40 Examples Of ‘Nice Girls’, A Female Equivalent Of The Toxic ‘Nice Guys’ Interview
There is a vast valley with steep slopes and a raging river winding its way through the bottom that separates the people who are genuinely nice and those who only proclaim themselves to be ‘nice.’ Most of us know from experience that guys who are actually nice act very differently than those who are ‘nice guys.’
However, this post isn’t about nice guys. No, this one is about nice girls. Or rather—‘nice girls’ who believe they’re entitled to ‘perfect’ partners while dripping with hatred for the world and showing their true colors when things don’t go their way. In fact, there’s a place where they get called out: the r/Nicegirls subreddit that proves that fake ‘niceness’ knows no gender boundaries. See for your yourselves, dear Pandas. Be sure to read on for Bored Panda's interview with one of the moderators of the subreddit, user CTFOE_is_Free.

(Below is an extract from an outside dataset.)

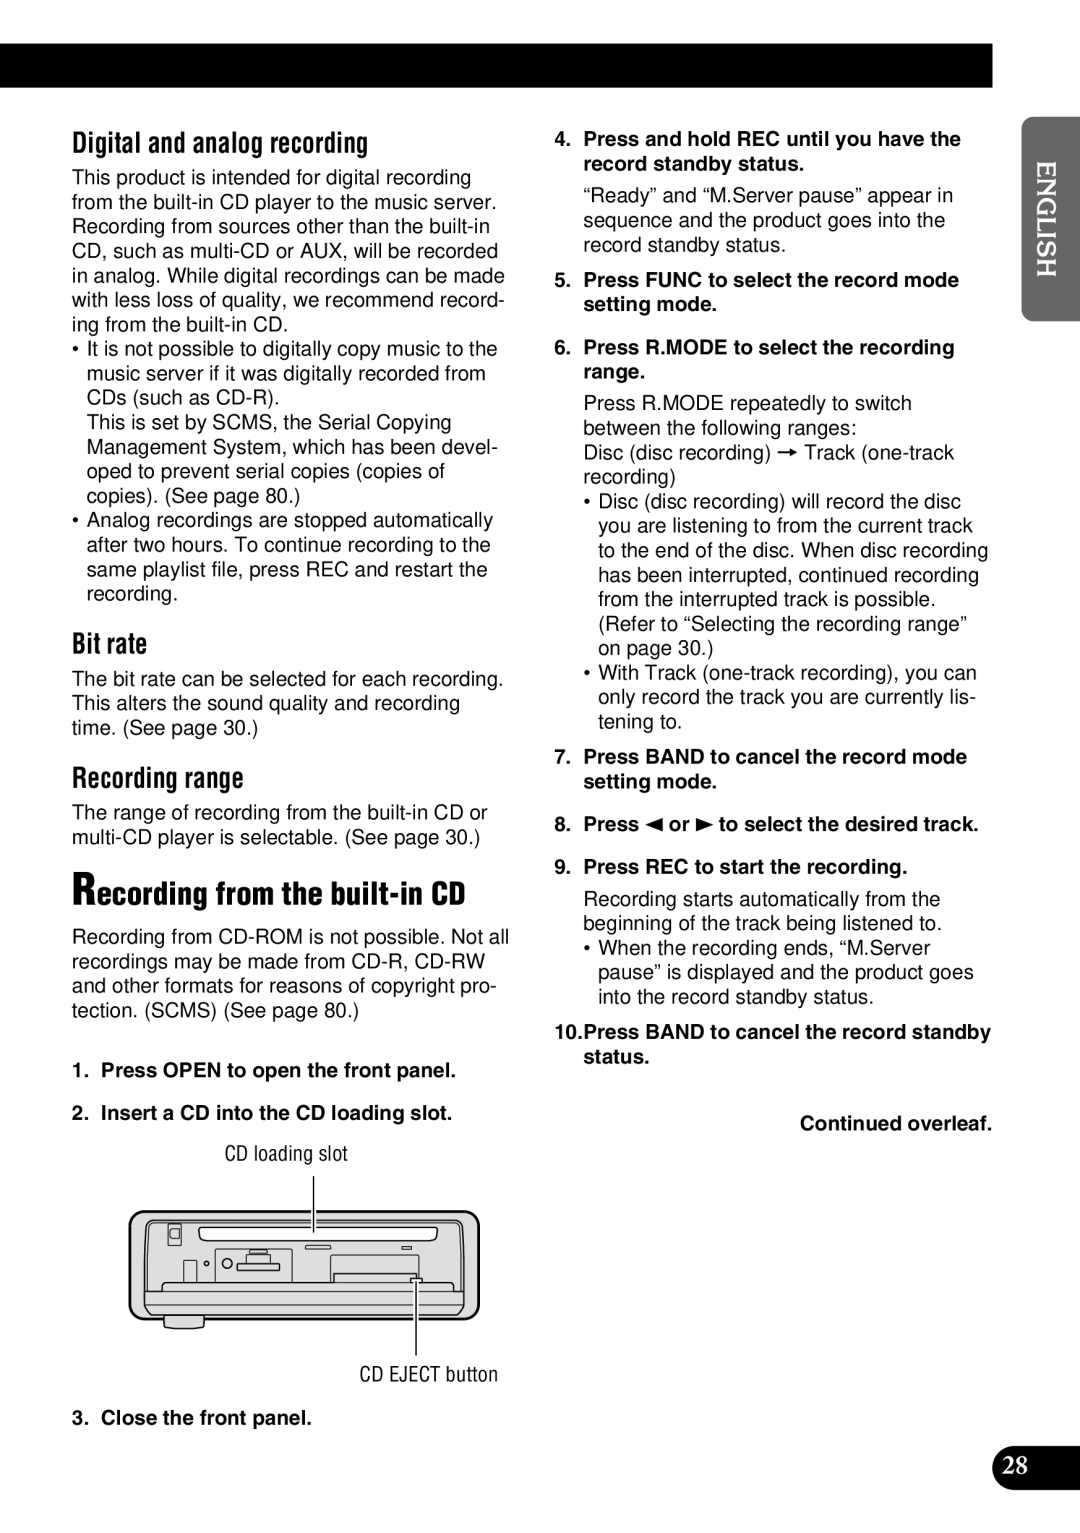 Pioneer DEH-P9100R operation manual Recording from the built-in CD, Digital and analog recording, Bit rate, Recording range

Selfishness and altruism aren't as black and white as you might think. According to research, human history has shown that some forms of selfishness can be considered to be "healthy" while some altruism can be "pathological." Healthy selfishness led to higher levels of psychological well-being and a "genuine prosocial orientation." Meanwhile, pathological altruism was associated with vulnerable narcissism and selfish motivations for helping others. If that sounds familiar, it's the scientific basis for the difference between nice and 'nice.'
Moderator CTFOE_is_Fee told Bored Panda that the reason why some women are 'nice girls' is a combination of a few factors. "Some of them are too immature to realize what they're doing. Others are that manipulative on purpose. Lastly, some do not even realize what they're doing," they explained.
We were curious to find out where the line between genuine niceness and fake 'niceness' was for the moderator. Here's what they had to say: "Personally, for me, the line is drawn when you can tell that someone is being passive-aggressive; when you can sense the subdued maliciousness in their words and actions. If your gut is telling you that something is not genuine about the person then they probably are not genuine. I think we've all experienced a few relationships like that in our lives. I do not see there being a large grey area between the two. You know when someone is being kind or not."
According to CTFOE_is_free, one of the things that new members need to keep in mind if they decide to join up is to read and follow the subreddit rules. "We have a strict No doxxing policy, as we work to respect and protect the privacy of the subjects of the content as well as that of the posters."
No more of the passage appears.